# Difficulty Transferring Wyndham Rewards



## SereneFury (Jun 25, 2013)

Hi all,

Sorry if this has been posted somewhere prior, but I am having difficulty in transferring Wyndham Rewards point, as the link on the AGR site comes up with a header and no additional information, and Wyndham Rewards mentions nothing of Amtrak.

Any kind of suggestion would be helpful, thanks!


----------



## June the Coach Rider (Jun 25, 2013)

If you go to Wyndham Rewards and your profile. Click on Preferences and there is a drop down for Amtrak Guest Rewards. I am not sure if you can transfer current points without calling, but you can set it up for future points to be direct with Amtrak. I have it that way.


----------



## JayPea (Jun 25, 2013)

June the Coach Rider said:


> If you go to Wyndham Rewards and your profile. Click on Preferences and there is a drop down for Amtrak Guest Rewards. I am not sure if you can transfer current points without calling, but you can set it up for future points to be direct with Amtrak. I have it that way.


I have my Wyndham Rewards points set up this way too. I have noticed they are very prompt about posting, too.


----------



## SereneFury (Jun 25, 2013)

I. Love.
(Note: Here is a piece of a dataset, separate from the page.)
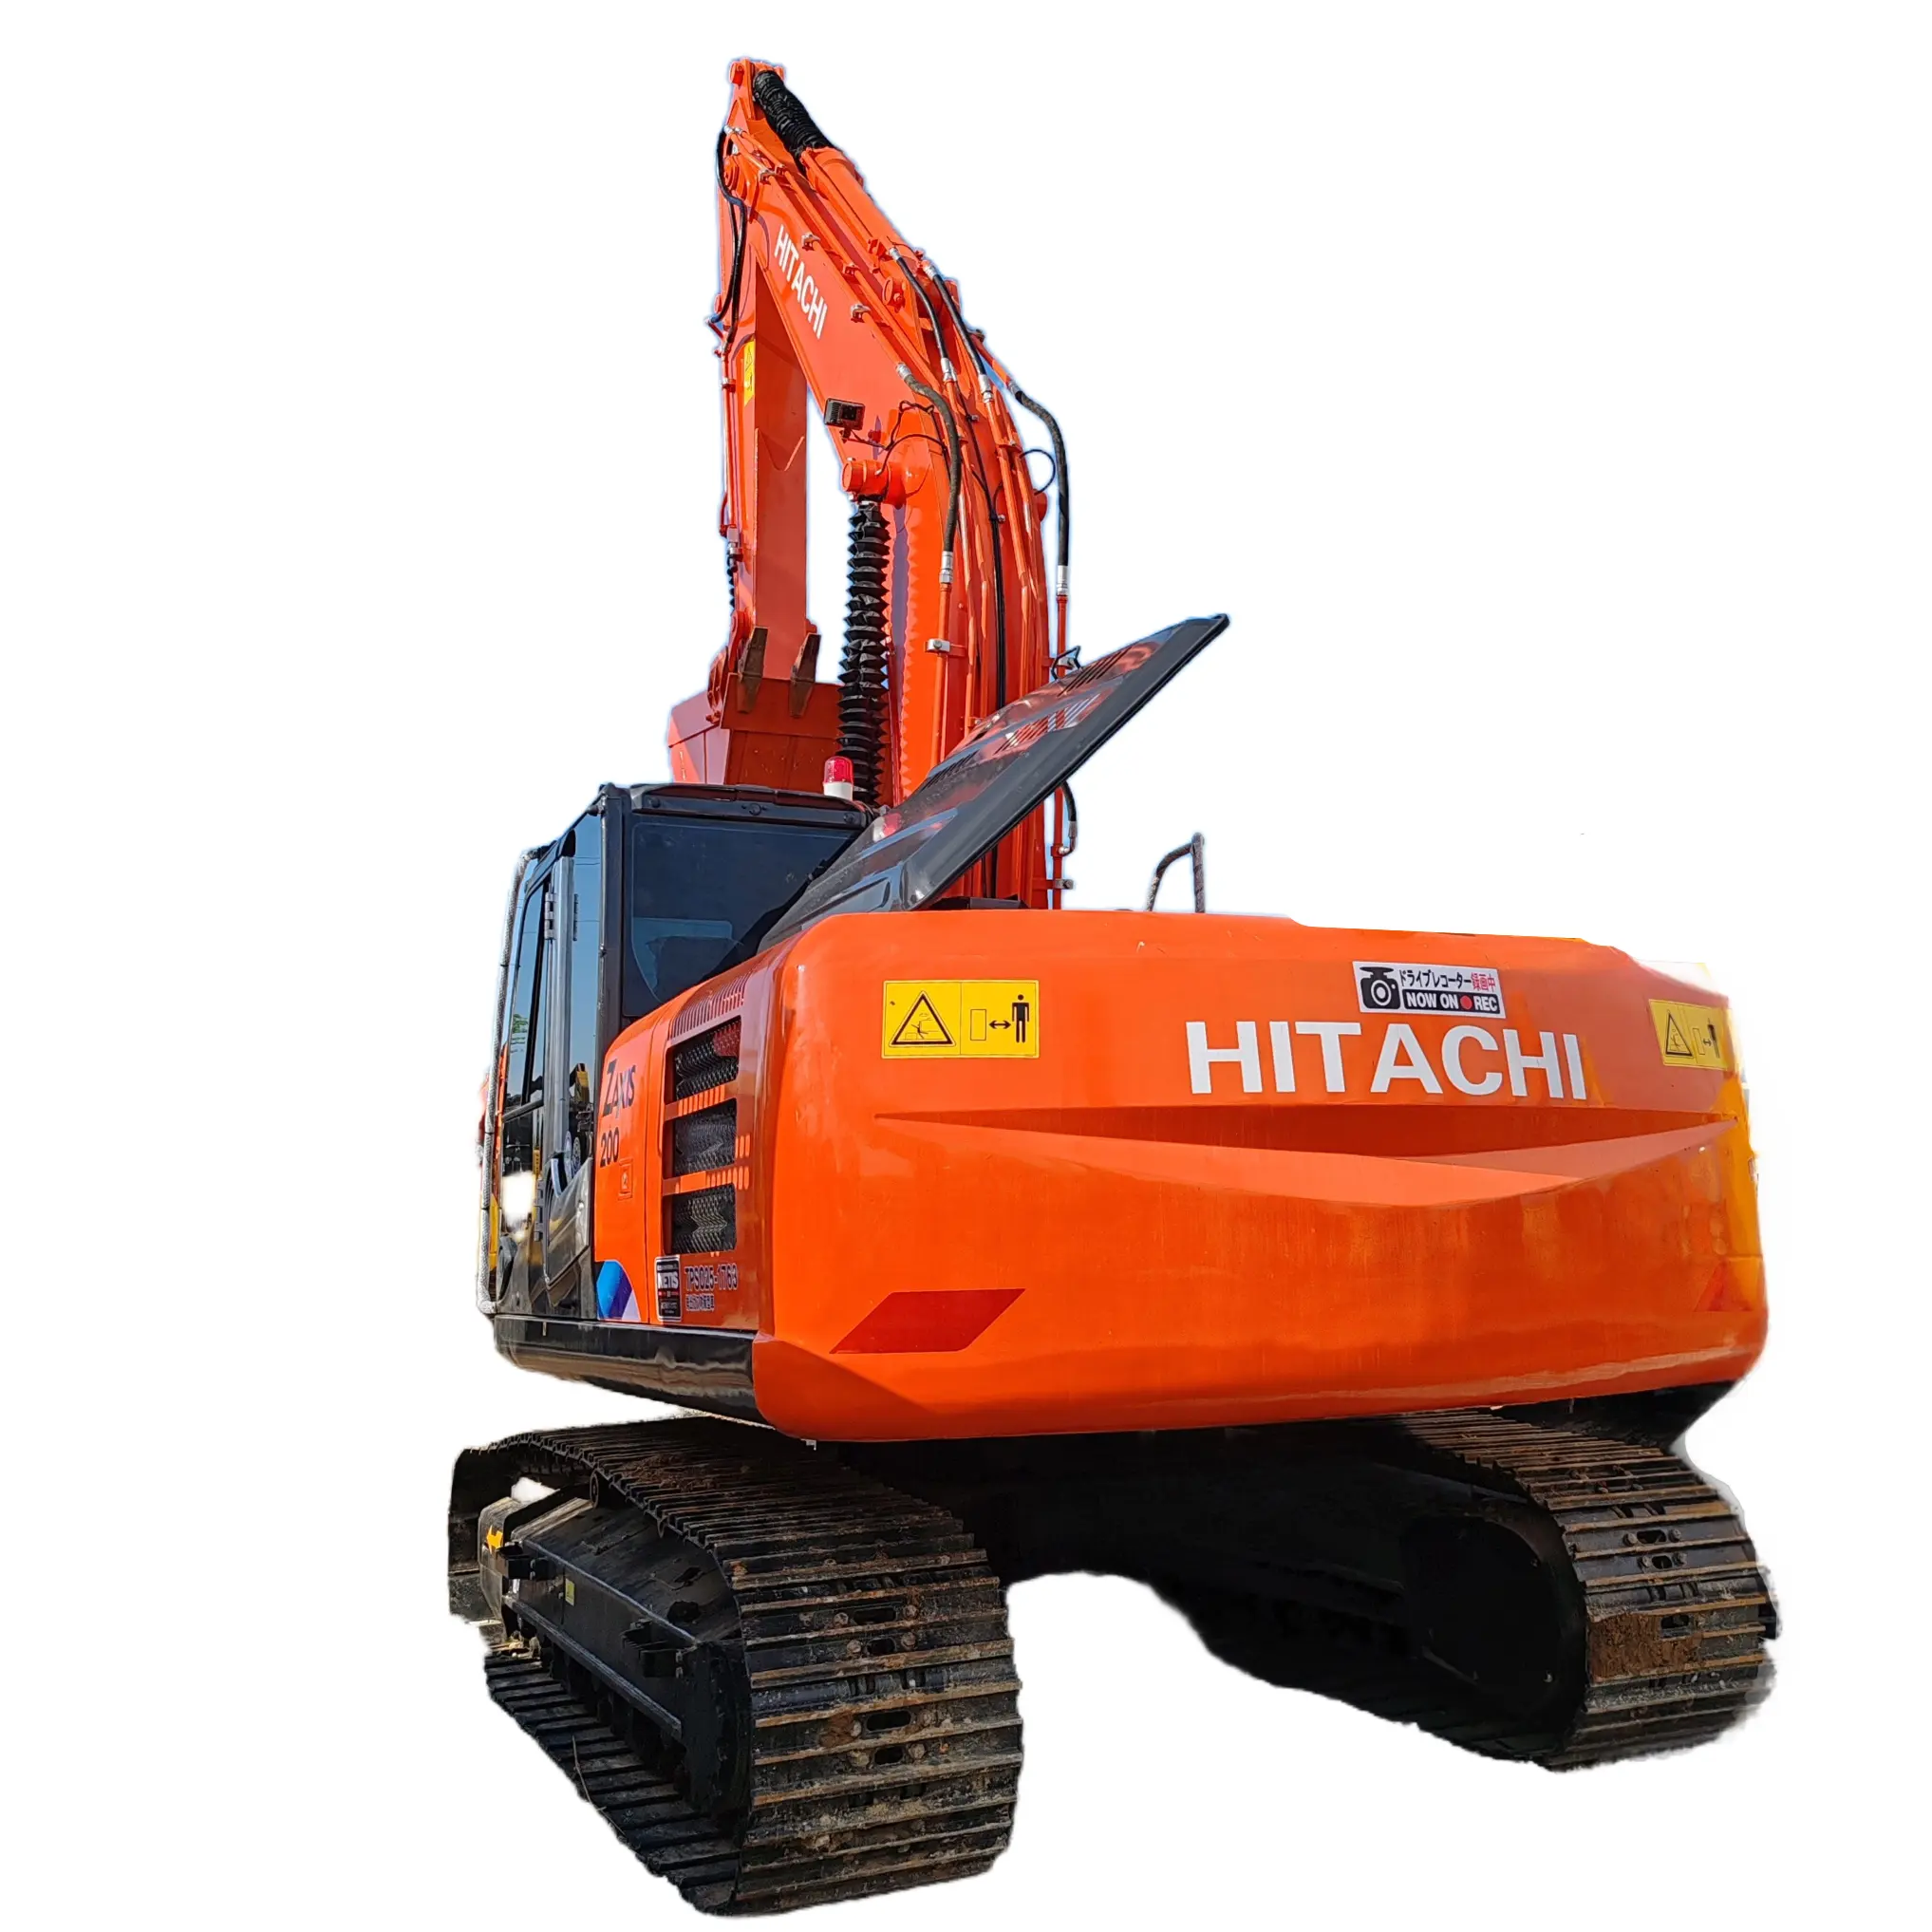 Japan Original Gebraucht Hitachi Zaxis 200 Bagger Gebraucht gräber Hitachi Zaxis 200 In gutem Zustand Zum Verkauf

You!


----------



## SereneFury (Jun 25, 2013)

And just out of sheer curiosity, anyone have the Amtrak credit card?


----------



## June the Coach Rider (Jun 25, 2013)

JayPea said:


> June the Coach Rider said:
> 
> 
> > If you go to Wyndham Rewards and your profile. Click on Preferences and there is a drop down for Amtrak Guest Rewards. I am not sure if you can transfer current points without calling, but you can set it up for future points to be direct with Amtrak. I have it that way.
> ...


Yes, I got my most recent before I was even home on the return train trip. I just signed up for the summer double points and will be staying with Wyndham in Portland and Seattle.


----------



## June the Coach Rider (Jun 25, 2013)

SereneFury said:


> And just out of sheer curiosity, anyone have the Amtrak credit card?


nope, I don't use credit cards, just debit card with the visa logo. If I don't have the cash I don't get it. Plus terrible credit since being unemployed and now disabled.


----------



## JayPea (Jun 25, 2013)

I have the Amtrak Guest Rewards Mastercard and use it for everything I can.


----------



## trainman74 (Jun 25, 2013)

SereneFury said:


> And just out of sheer curiosity, anyone have the Amtrak credit card?


I think lots of people on this board do. It's a good deal -- no annual fee, having it means that your AGR points will never expire, _and_ you get a 5% rebate on point redemptions for Amtrak travel (so, for example, a 2-zone roomette trip will effectively cost 19,000 points instead of 20,000).


----------



## Train Rider (Jun 27, 2013)

You won't get Wyndham points if you make the reservation through Priceline or other third-party site running a special. Always make the reservation through the Wyndham site if you want the Amtrak points.


----------